═════ Extracted data

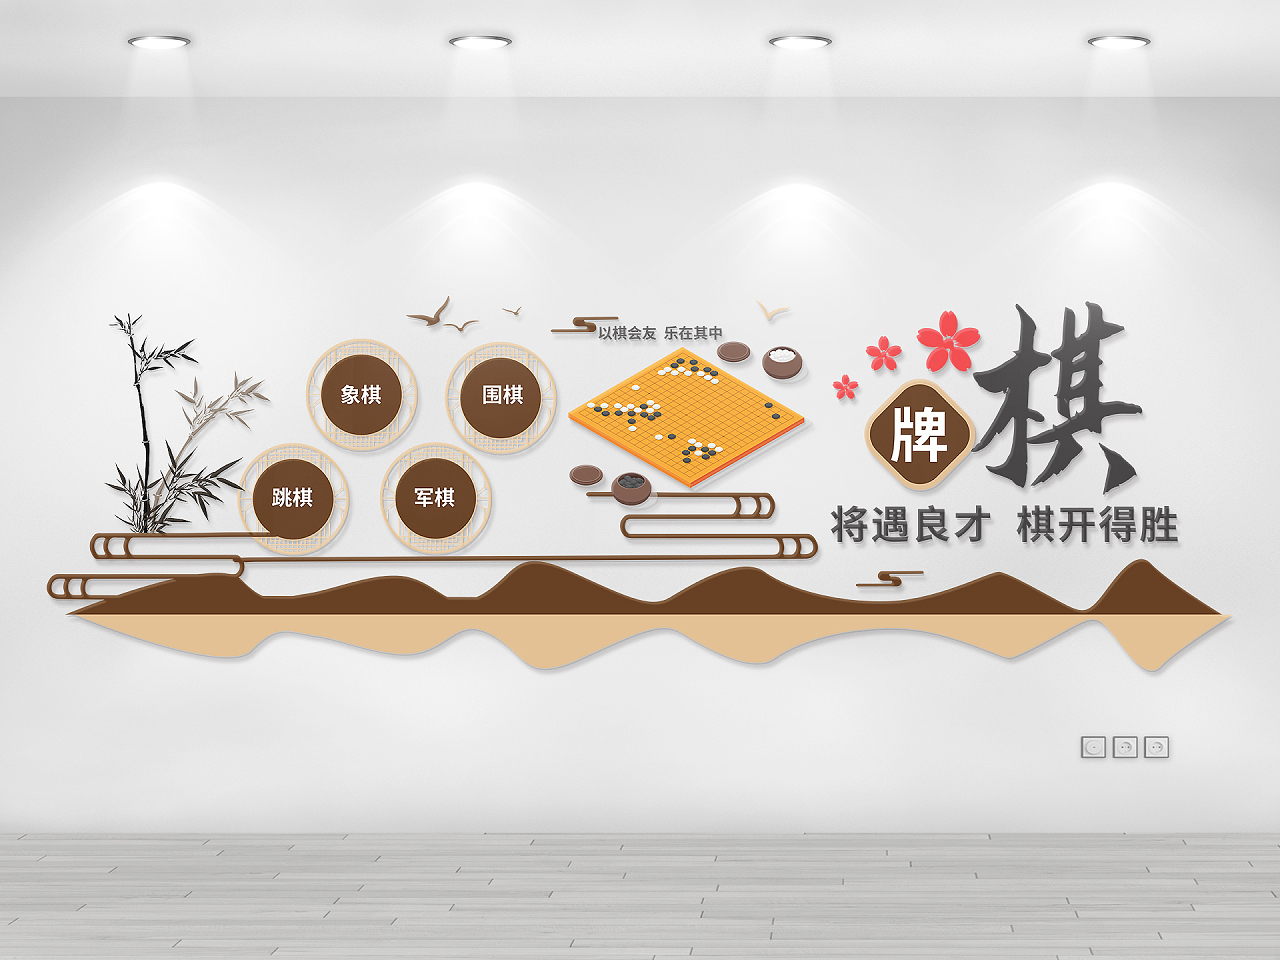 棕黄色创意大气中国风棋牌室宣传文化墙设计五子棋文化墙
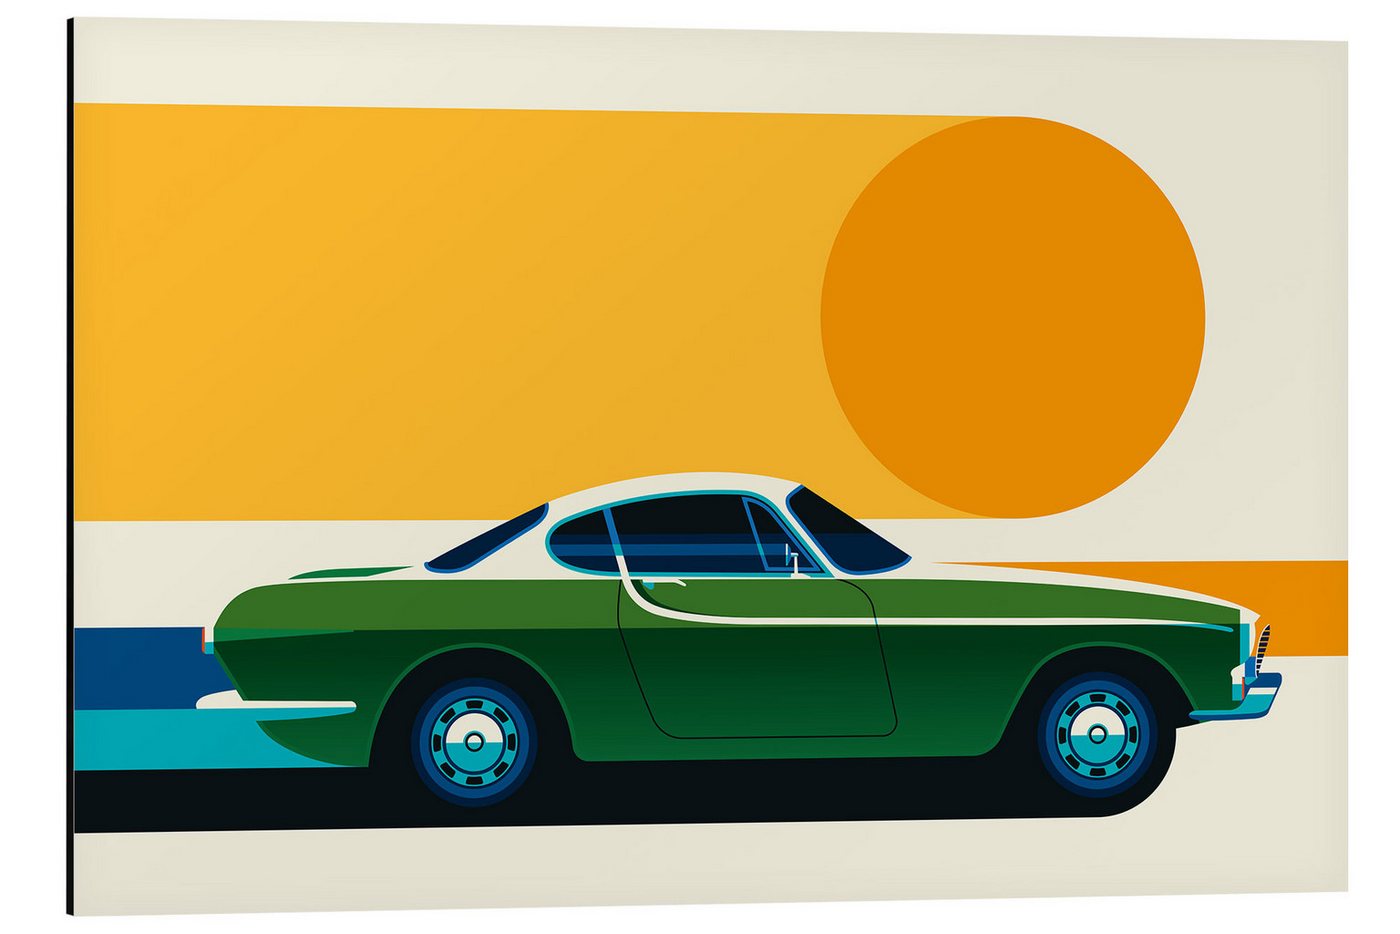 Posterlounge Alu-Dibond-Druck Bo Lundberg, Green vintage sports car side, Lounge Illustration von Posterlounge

══════════
═════ Extracted data

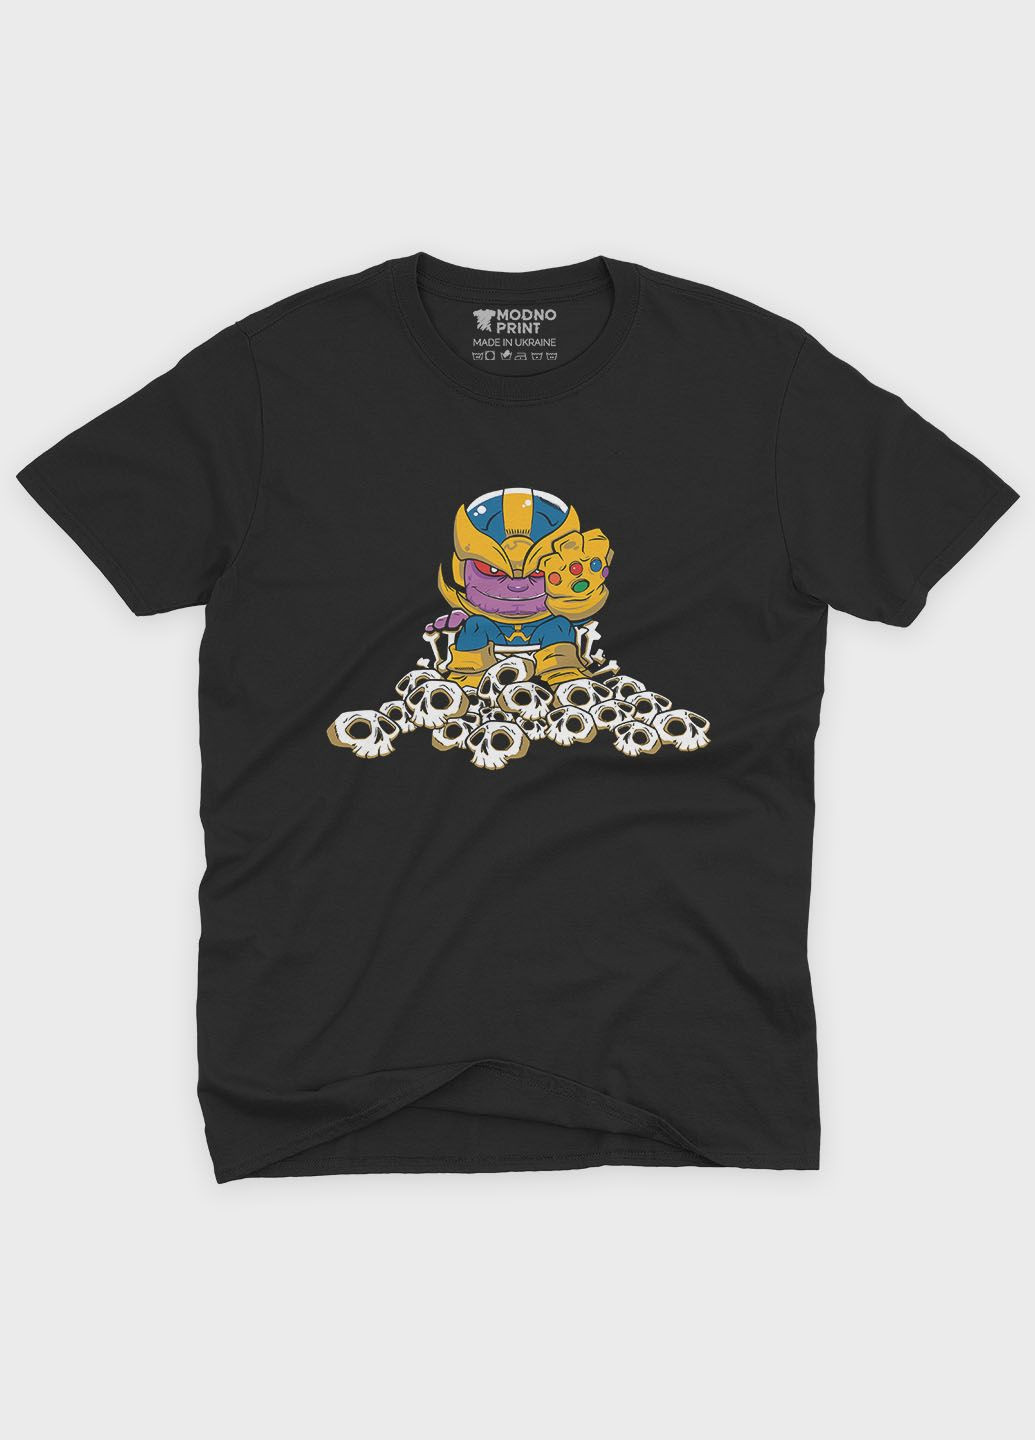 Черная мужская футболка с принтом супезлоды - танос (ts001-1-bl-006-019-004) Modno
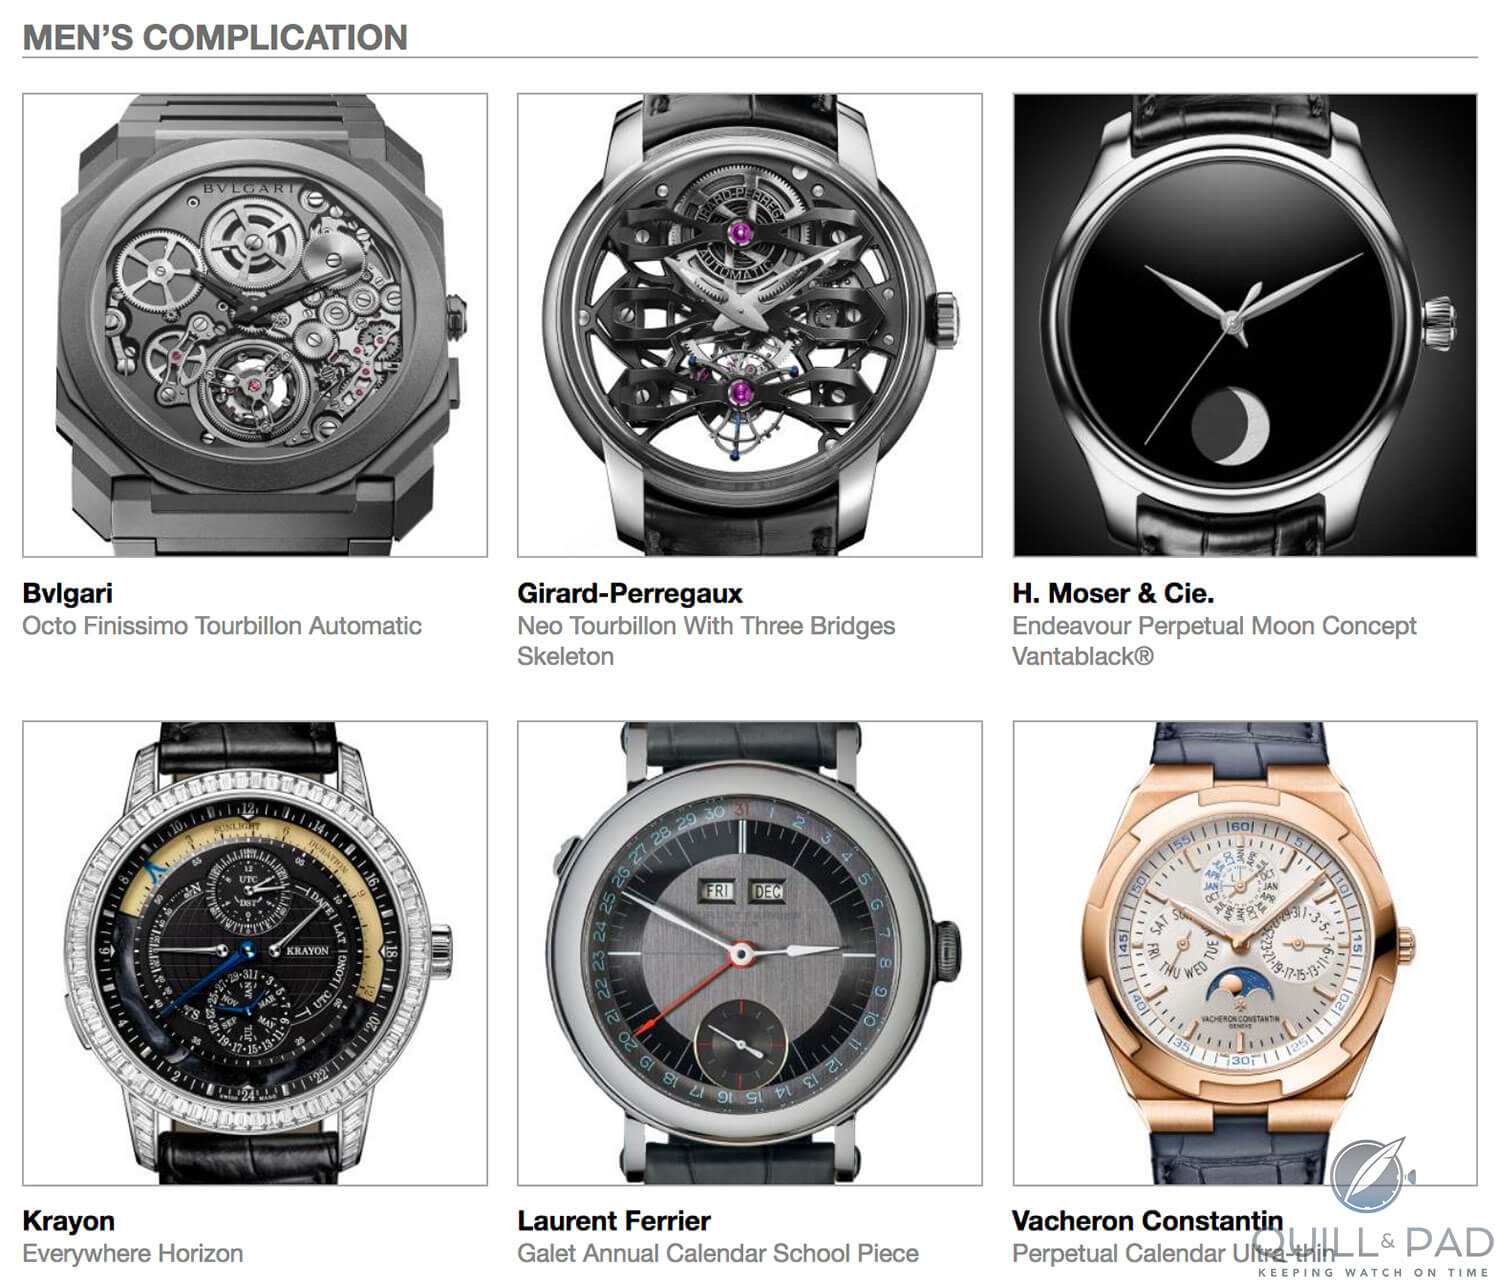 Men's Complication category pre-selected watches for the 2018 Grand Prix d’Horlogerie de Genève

══════════

- _Assignment_
Would you give again, exactly, the lines in the data above that run from the line containing "棕黄色创意大气中国风棋牌室宣传文化墙设计五子棋文化墙" to the line containing "Posterlounge Alu-Dibond-Druck Bo"? Include both ends and no pictures.

- _Exercise response_
 棕黄色创意大气中国风棋牌室宣传文化墙设计五子棋文化墙
 Posterlounge Alu-Dibond-Druck Bo Lundberg, Green vintage sports car side, Lounge Illustration von Posterlounge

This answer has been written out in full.